- **Directions for this task**:
This task calls for the lines below starting at the one containing "zwarte metallic legging" and ending at the one containing "Amerikanischer Unabhängigkeitskrieg: Niederlage", repeated exactly with both ends kept and pictures left out.

- **Information shown**:
#####

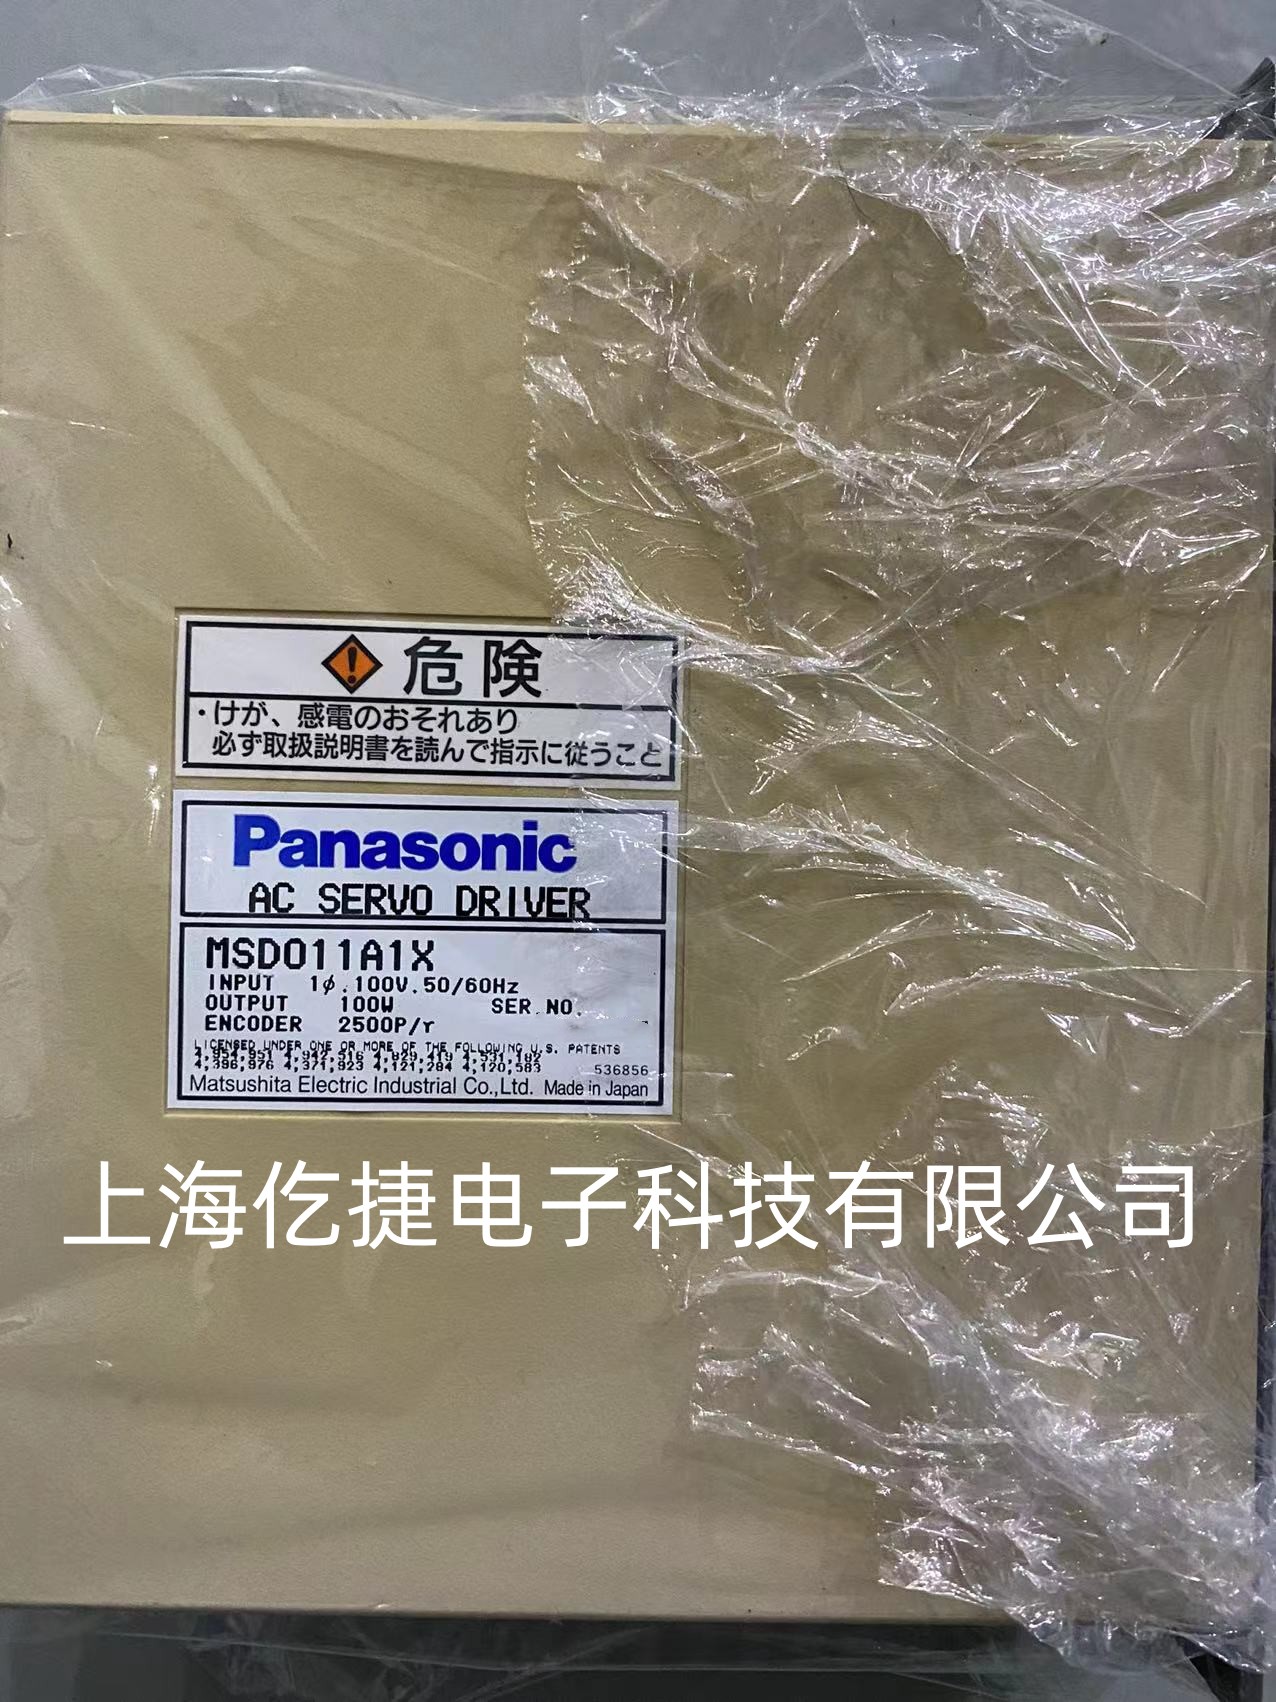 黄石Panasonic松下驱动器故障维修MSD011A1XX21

#####

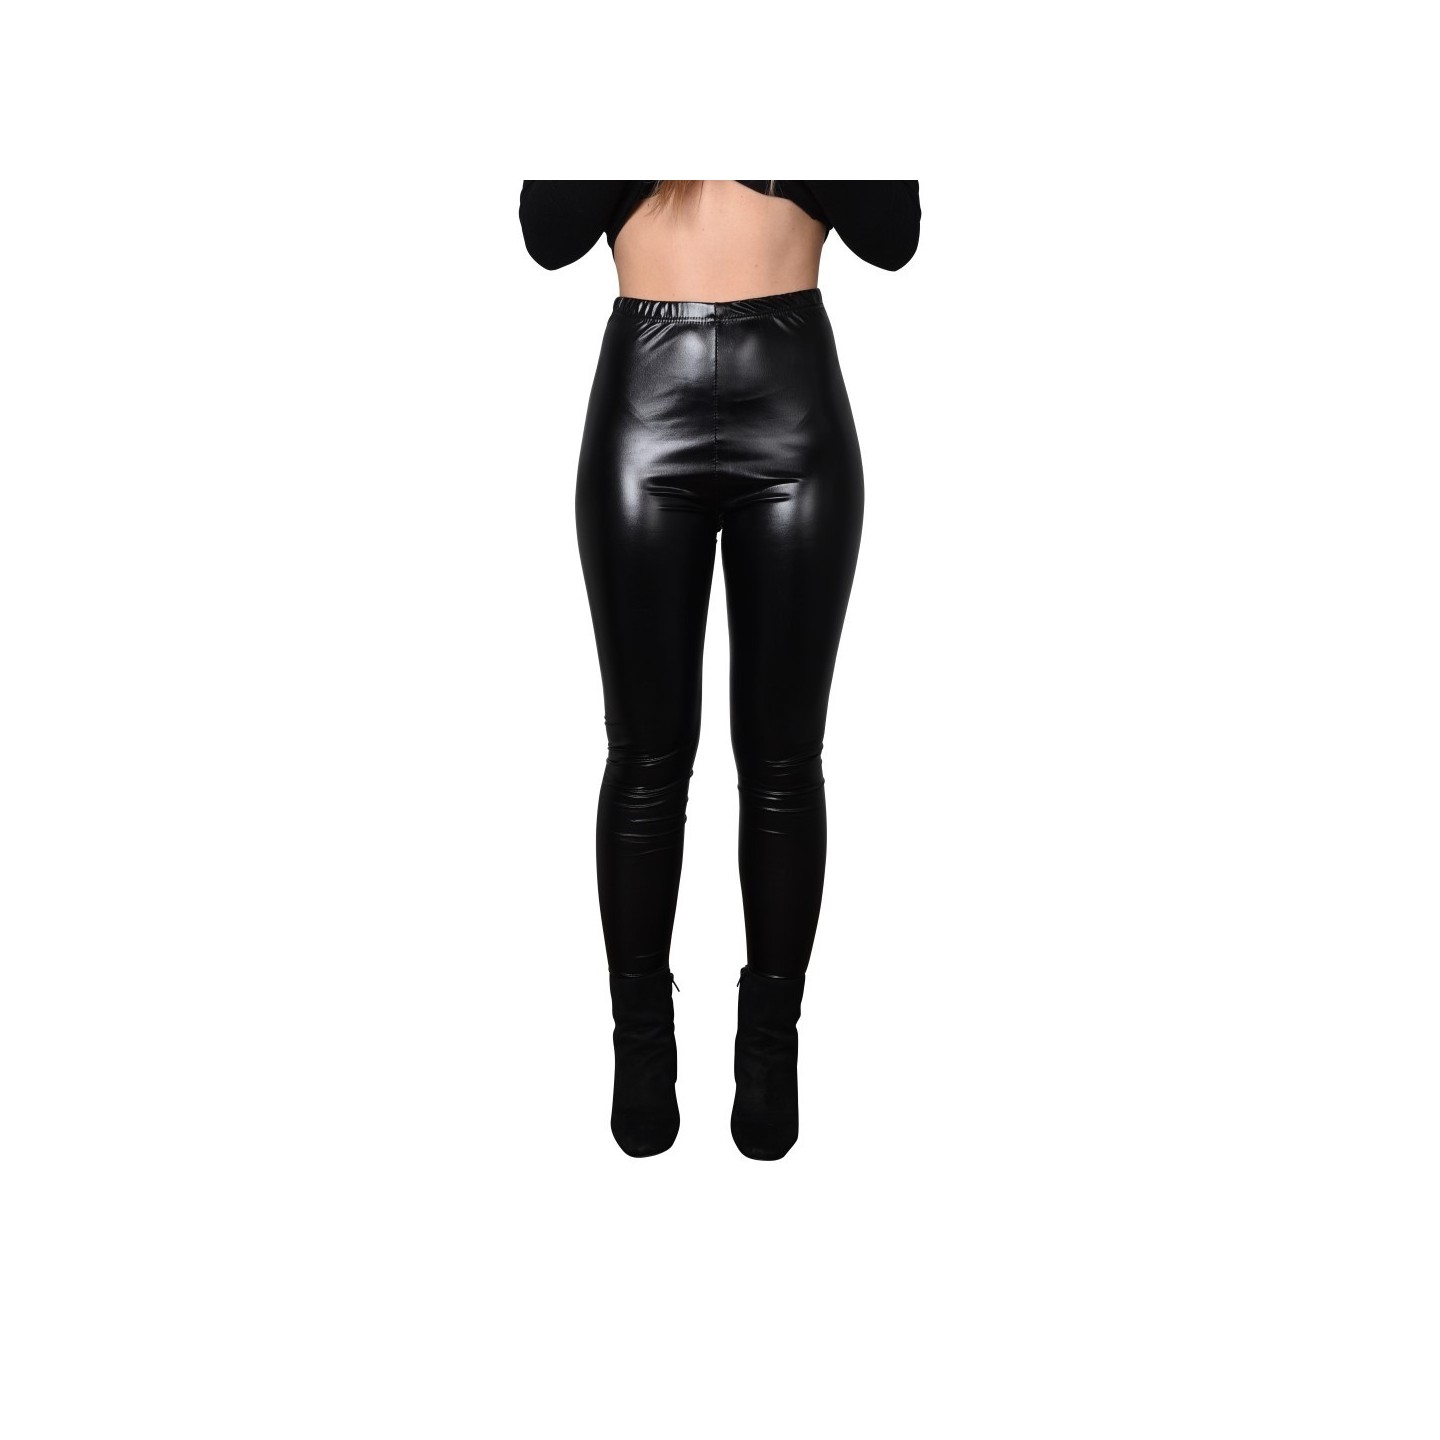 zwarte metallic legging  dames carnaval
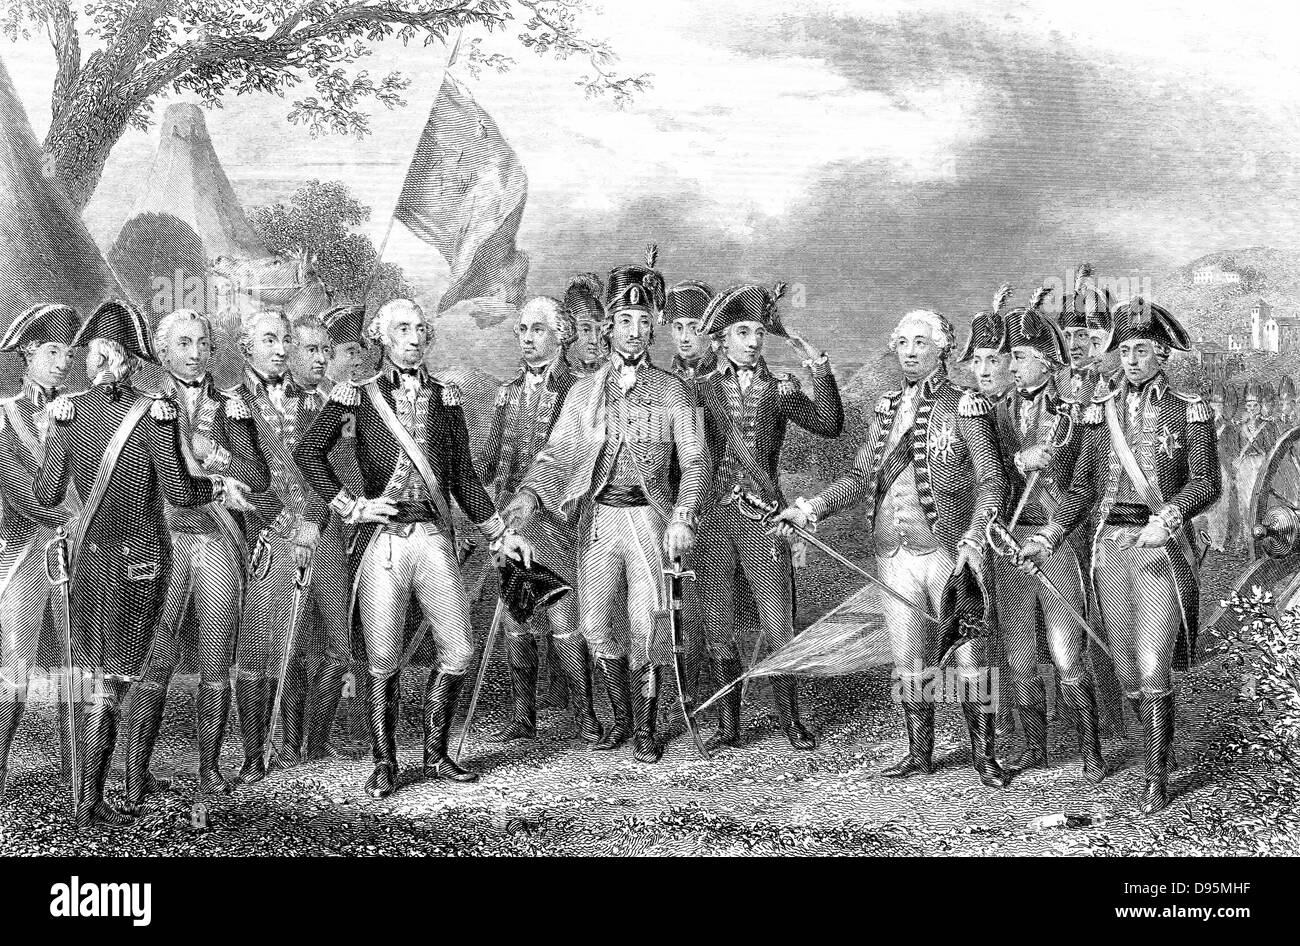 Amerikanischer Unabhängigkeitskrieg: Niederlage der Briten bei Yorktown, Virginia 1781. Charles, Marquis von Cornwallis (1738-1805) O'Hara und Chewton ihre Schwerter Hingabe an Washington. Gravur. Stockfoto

#####

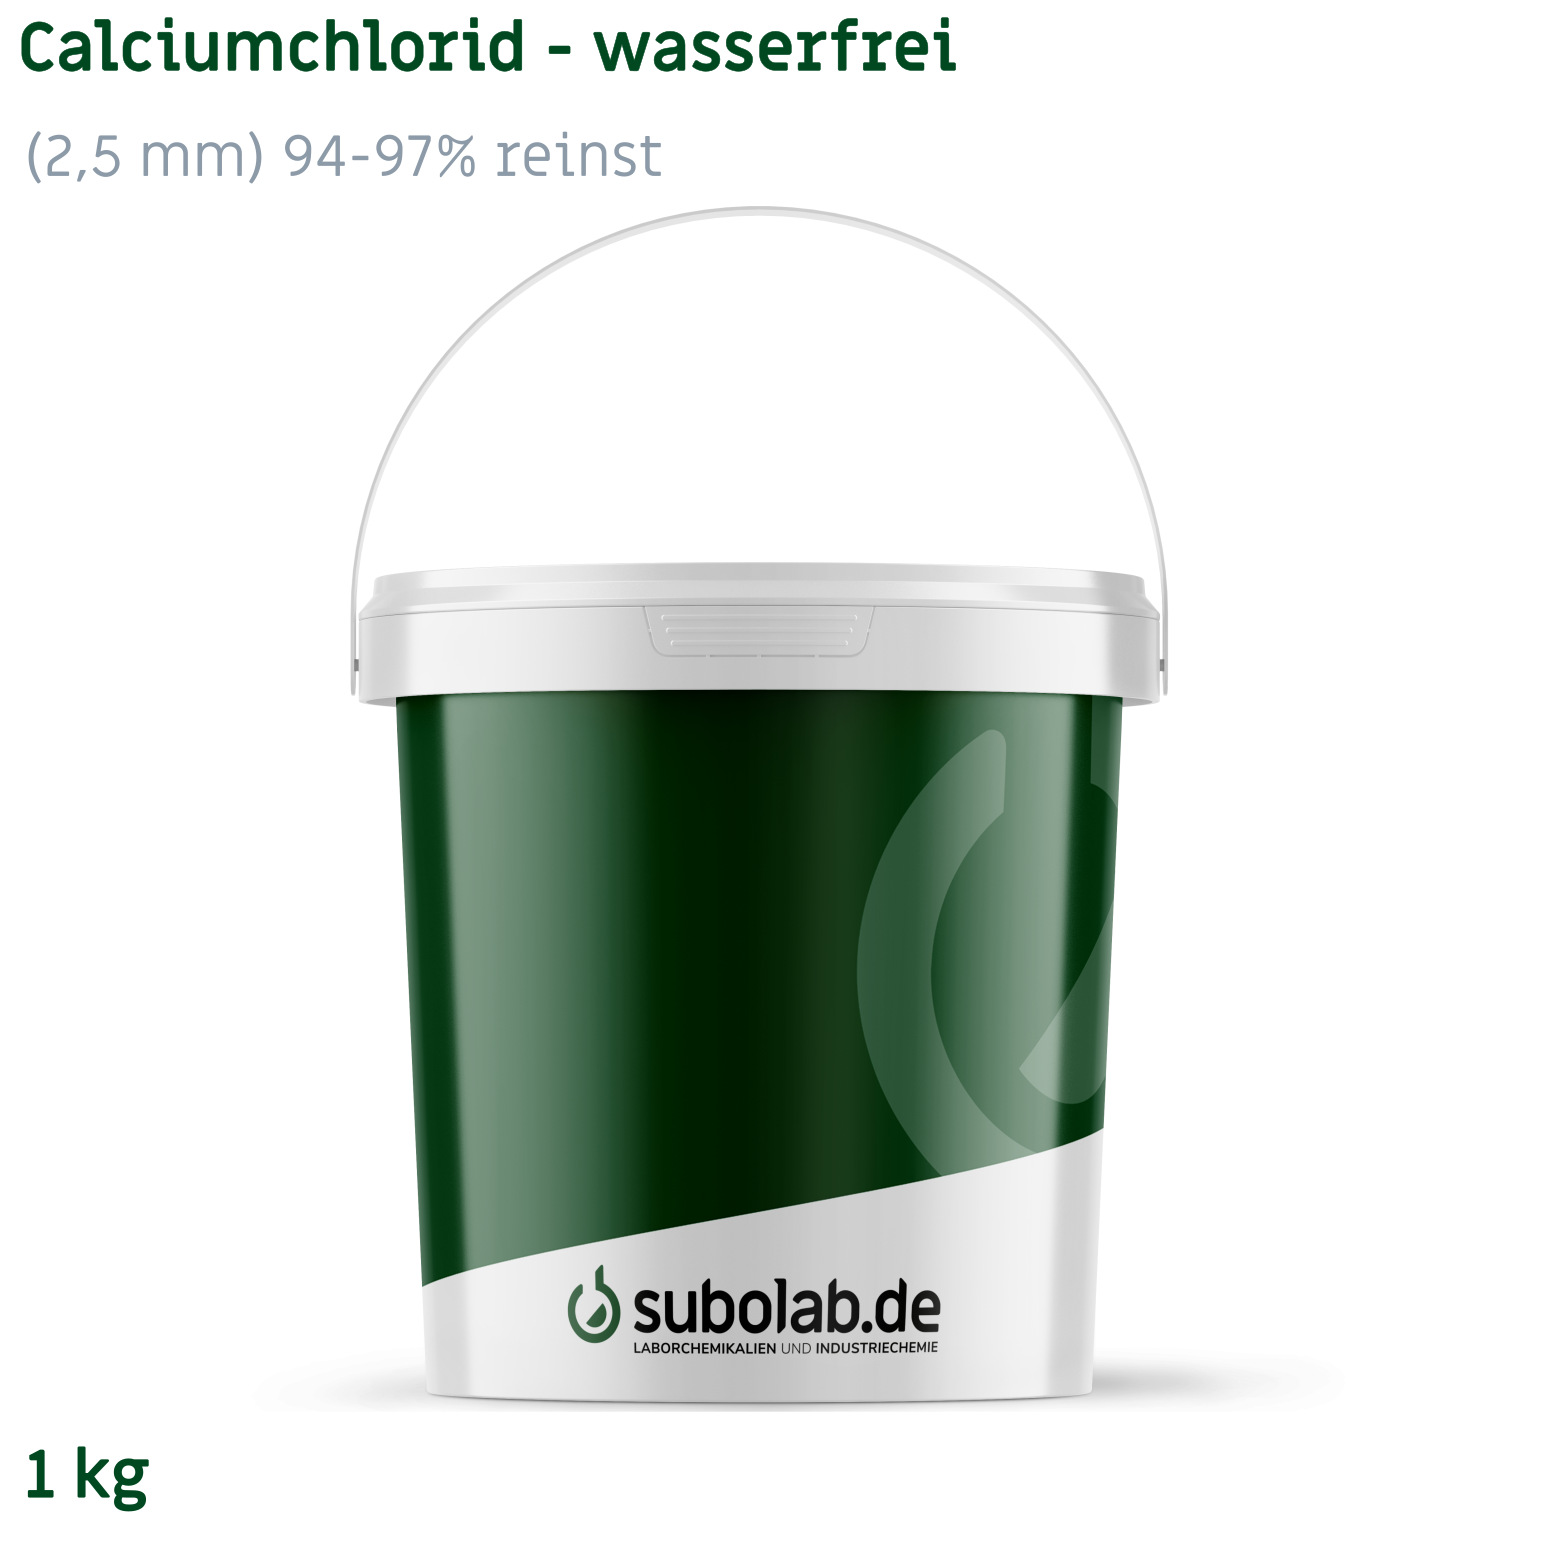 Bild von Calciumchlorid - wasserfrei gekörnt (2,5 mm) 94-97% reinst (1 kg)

#####

- **Response to this task**:
 zwarte metallic legging  dames carnaval
 Amerikanischer Unabhängigkeitskrieg: Niederlage der Briten bei Yorktown, Virginia 1781. Charles, Marquis von Cornwallis (1738-1805) O'Hara und Chewton ihre Schwerter Hingabe an Washington. Gravur. Stockfoto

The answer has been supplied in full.